6
Summary and Conclusions

In the 1950s, as the production line was becoming the standard for hardware manufacturing, Deming showed that statistical process control techniques, invented originally by Shewhart, were essential to controlling and improving the production process. Deming's crusade has had a lasting impact in Japan and has changed its worldwide competitive position. It has also had a global impact on the use of statistical methods, the training of statisticians, and so forth.

In the 1990s the emphasis is on software, as complex hardware-based functionality is being replaced by more flexible, software-based functionality. Small programs created by a few programmers are being superseded by massive software systems containing millions of lines of code created by many programmers with different backgrounds, training, and skills. This is the world of so-called software factories. These factories at present do not fit the traditional model of (hardware) factories and more closely resemble the development effort that goes into designing new products. However, with the spread of software reuse, the increasing availability of tools for automatically capturing requirements, generating code and test cases, and providing user documentation, and the growing reliance on standardized tuning and installation processes and standardized procedures for analysis, the model is moving closer to that of a traditional factory. The economy of scale that is achievable by considering software development as a manufacturing process, a factory, rather than a handcrafting process, is essential for preserving U.S. competitive leadership. The challenge is to build these huge systems in a cost-effective manner. The panel expects this challenge to concern the field of software engineering for the rest of the decade. Hence, any set of methodologies that can help in meeting this challenge will be invaluable. More importantly, the use of such methodologies will likely determine the competitive positions of organizations and nations involved in software production.

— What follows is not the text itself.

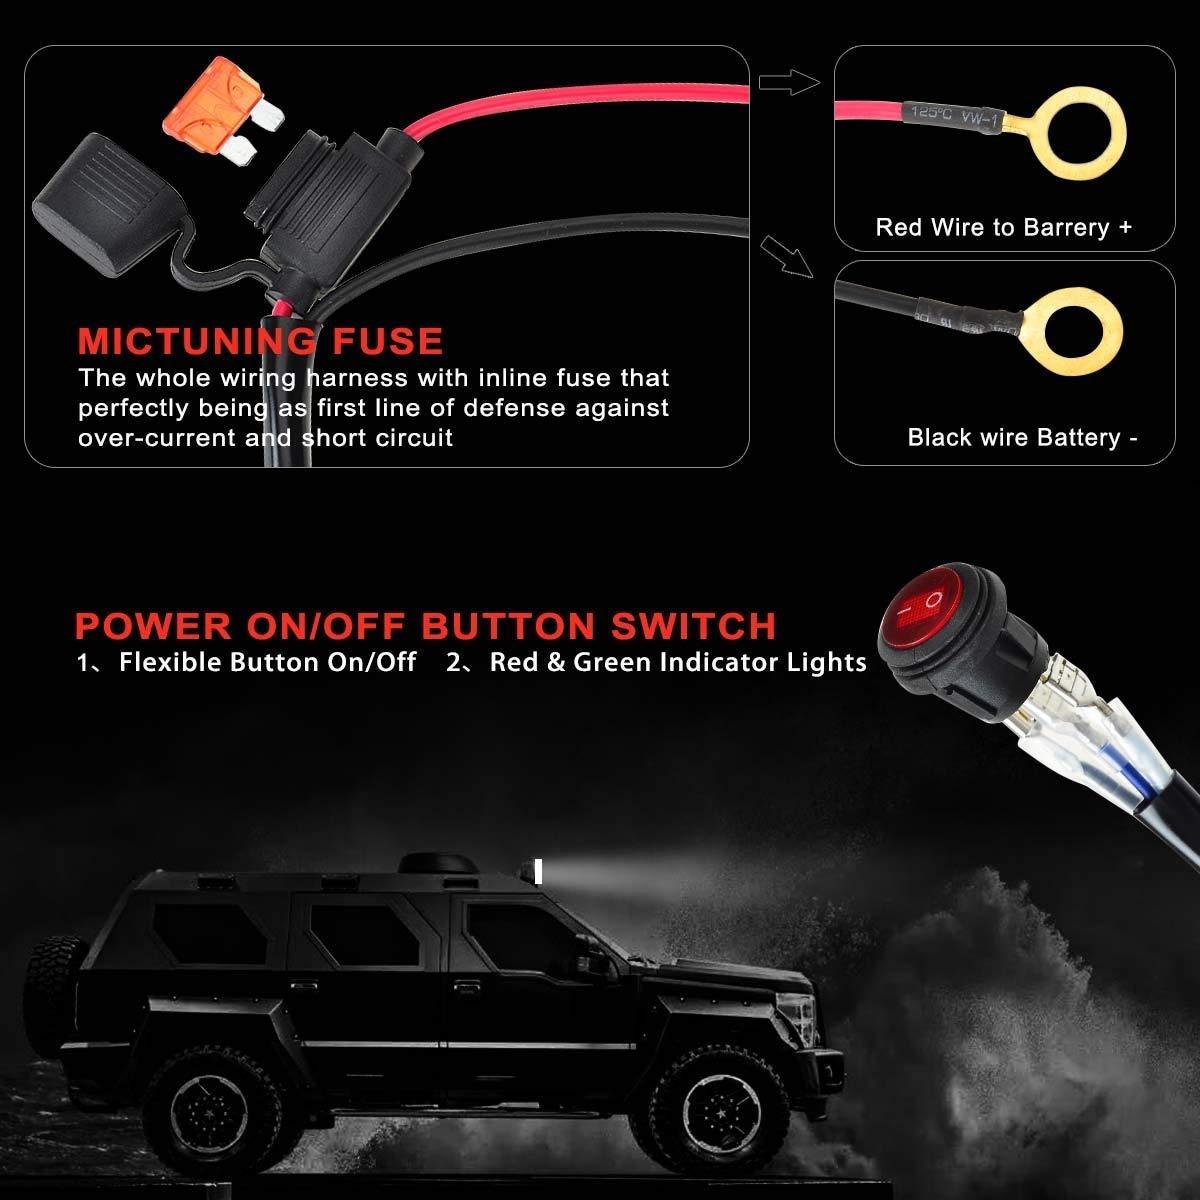 KAWELL 300W Barra LED Faro de Trabajo Arneses de cableado Faro Antiniebla Arn/és de Cableado 40A Rel/é Interruptor de Encendido//Apagado Impermeable para Honda Toyota Quad Todoterreno 1 Plomo 9 Pies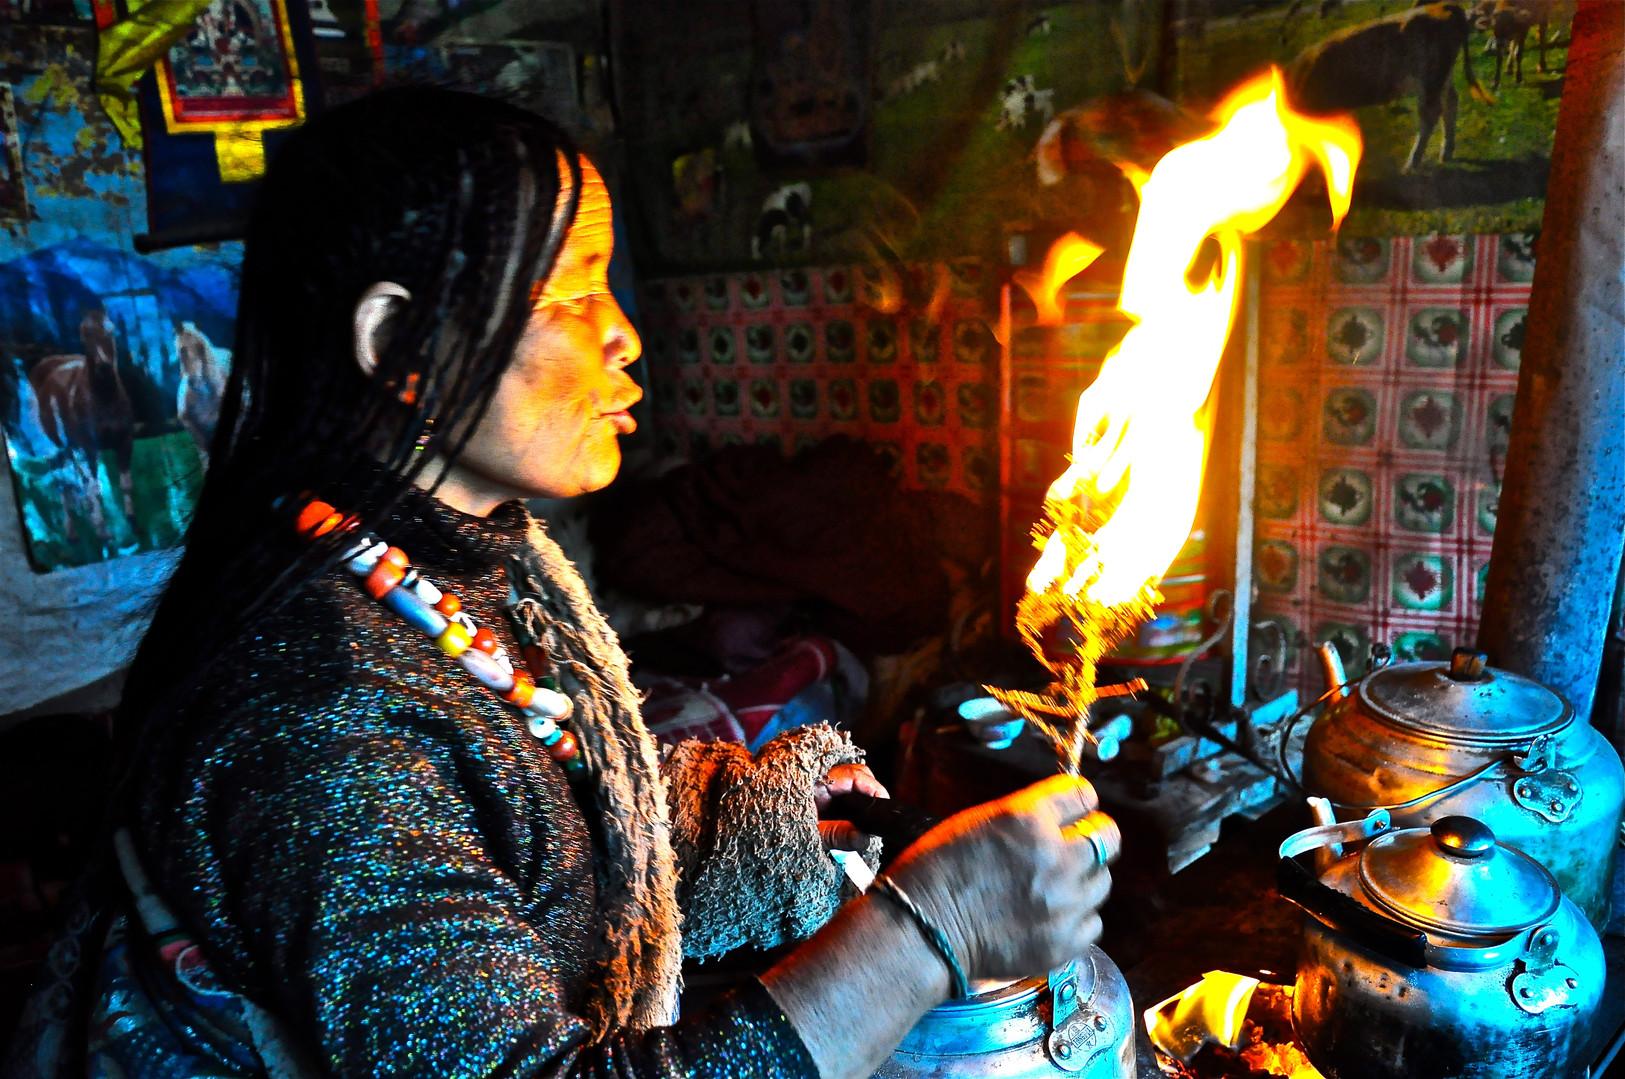 The Cleanse - Amne Machin, Qinghai

With the amount of variability involved in the software production process and its many subprocesses, as well as the diversity of developers, users, and uses, it is unlikely that a deterministic control system will help improve the software production process. As in statistical physics, only a technology based on statistical modeling, something akin to statistical control, will work. The panel believes that the juncture at hand is not very different from the one reached by Deming in the 1950s when he began to popularize the concept of statistical process control. What is needed now is a detailed understanding by statisticians of the software engineering process, as well as an appreciation by software engineers of what statisticians can and cannot do. If collaborative interactions and the building of this mutual understanding can be cultivated, then there likely will occur a major impact of the same order of magnitude as Deming's introduction of statistical process control techniques in hardware manufacturing.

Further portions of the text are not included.